Starting off correctly will help with the mix down the line.

  1. Setting up your basic mix
  2. Making sure you have enough space for your sounds
  3. Placing things in the stereo field
  4. Mixing into pink noise
  5. Automation
  6. Envelopes

Properly adjusting volume and panning cannot fix everything.

Resources

  1. Course link

Levels at the Source

Depending on the instrumentation and things you are working with (samples, recordings, synths) there are a number of places to check with to ensure signals are at a healthy level.

The Built-in Microphone

For the Mac, you change the gain through the Settings > Sound > Input.

You want a healthy signal but without clipping.

The example after recording shows a lot of dynamics and a healthy gain volume which includes a lot of flatlining and overloading the input. This will distort and blowout your signal.

On the flipside, you don't want to have your recording too low otherwise the signal will be too queit and you'll need to boost the gain on the sample. You can boost the gain within the audio clip on live but you'll need to be careful that you are not amplifying floor noise.

If you want to up the gain on an entire track, you might want to use the utility audio effect.

Software Synths + Plugins

You'll be inclined to turn the volume down using the track gain slider, however most instruments and plugins will have their own gain control. You want to do this on the output of the synth. After that, you can do your usual track changes or use the utility audio effect.

Warning on the signal

Pay attention and listen to the signal. It may not look like it is clipping on the meter, but you want to make sure that is truly the case throughout the processing to the rack.
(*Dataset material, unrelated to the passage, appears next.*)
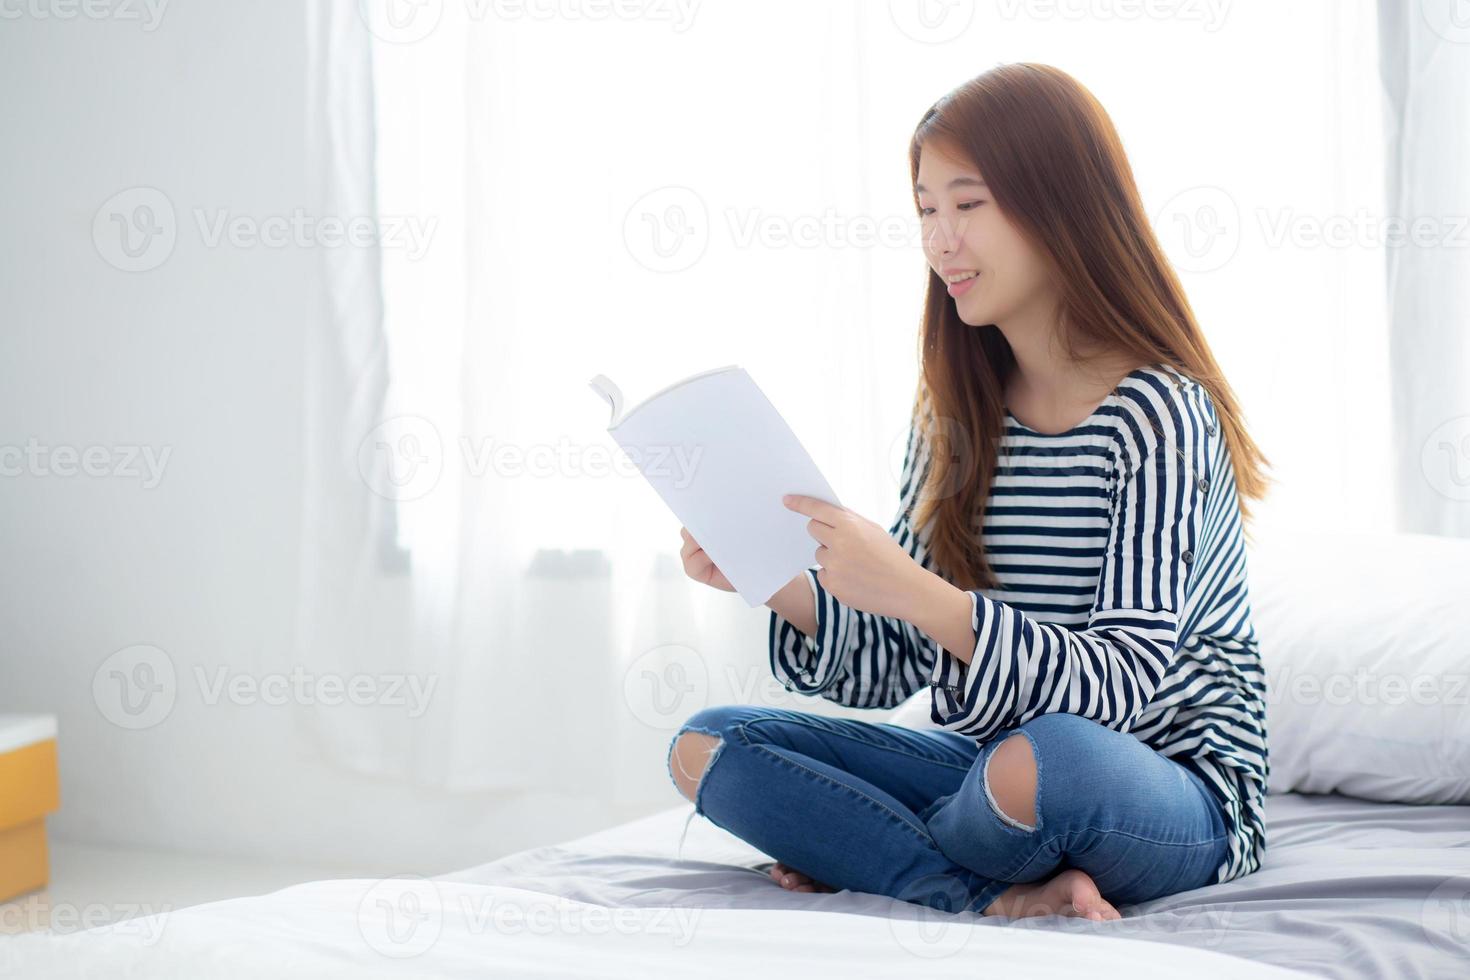 hermosa de retrato joven asiática relajarse sentado leyendo un libro en el dormitorio en casa, niña estudia literatura, educación y concepto de estilo de vida. foto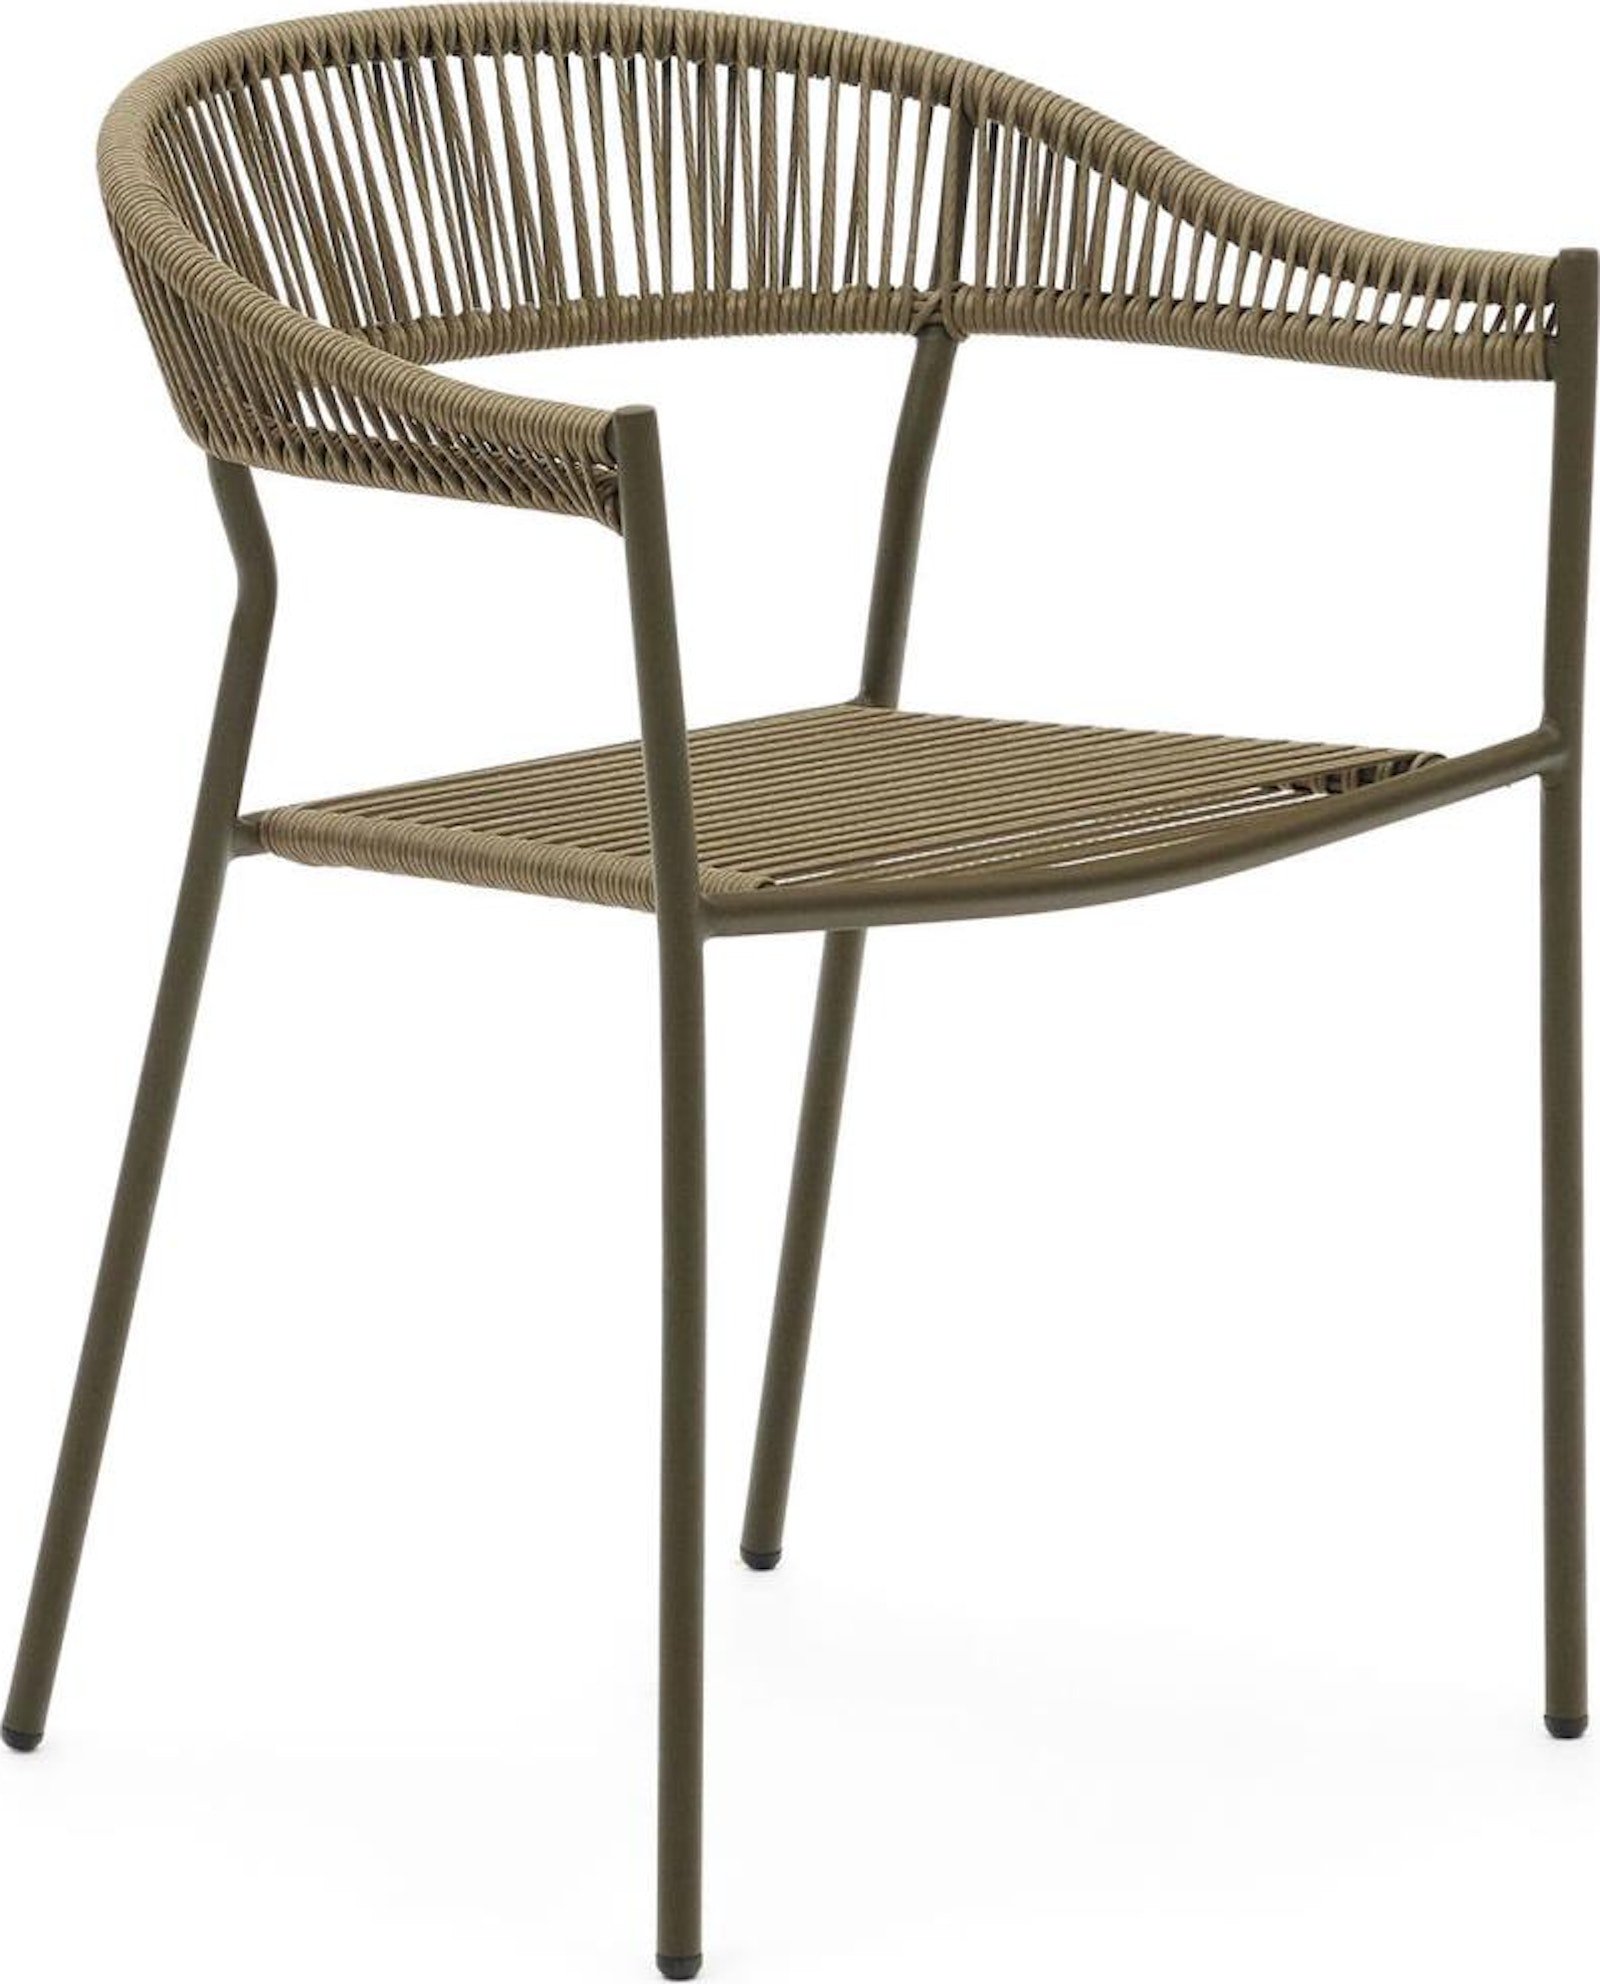 Futadera, Udendørs stol, moderne, nordisk by Laforma (H: 76 cm. x B: 57 cm. x L: 54 cm., Grøn)

The rule: adjust at the source.

Panning Overview

Panning comes from panarama. You have complete control of placing the sounds.

The "phantom center" is a term that comes from a phenomena where two speakers sharing the same information in a stereo field can give the illusion of a third speaker in the center.

Note: for linear panning as you pan from hard left to hard right, the gain applied to each side will change in percentage.

There is a constant perceived gain using the "constant power pan" that Live applies automatically.

Automation: Drawing

We can use track automation to change things such as pan changes.

You can right-click and ensure each automation has their own lane too.

The example shows panning on the mixer, but generally its a better idea to use an audio effect.

With envelopes, you can also highlight over a section and right-click and copy the envelope automation.

Pink Noise

There is a technique for setting the initial level. Use pink noise instead of one of your first sounds.

There are different colour noises. Talking about different coloured noise generally means talking about different coloured noise spectrums.

White noise has the same power across different frequencies.

Pink noise has a steadily decresing slope of energy across the spectrum. Pink noise is used to being linear in logarithmic space and follows a similar spectrum to finished tracks.

Since each octave in pink noise contains the same energy, we can use this calibrated at -20dB for scale and bring in new the noises and mix until we can hear it just above the pink noise.

As for the pink noise, you can grab a sample from the resources on this course to use on another track.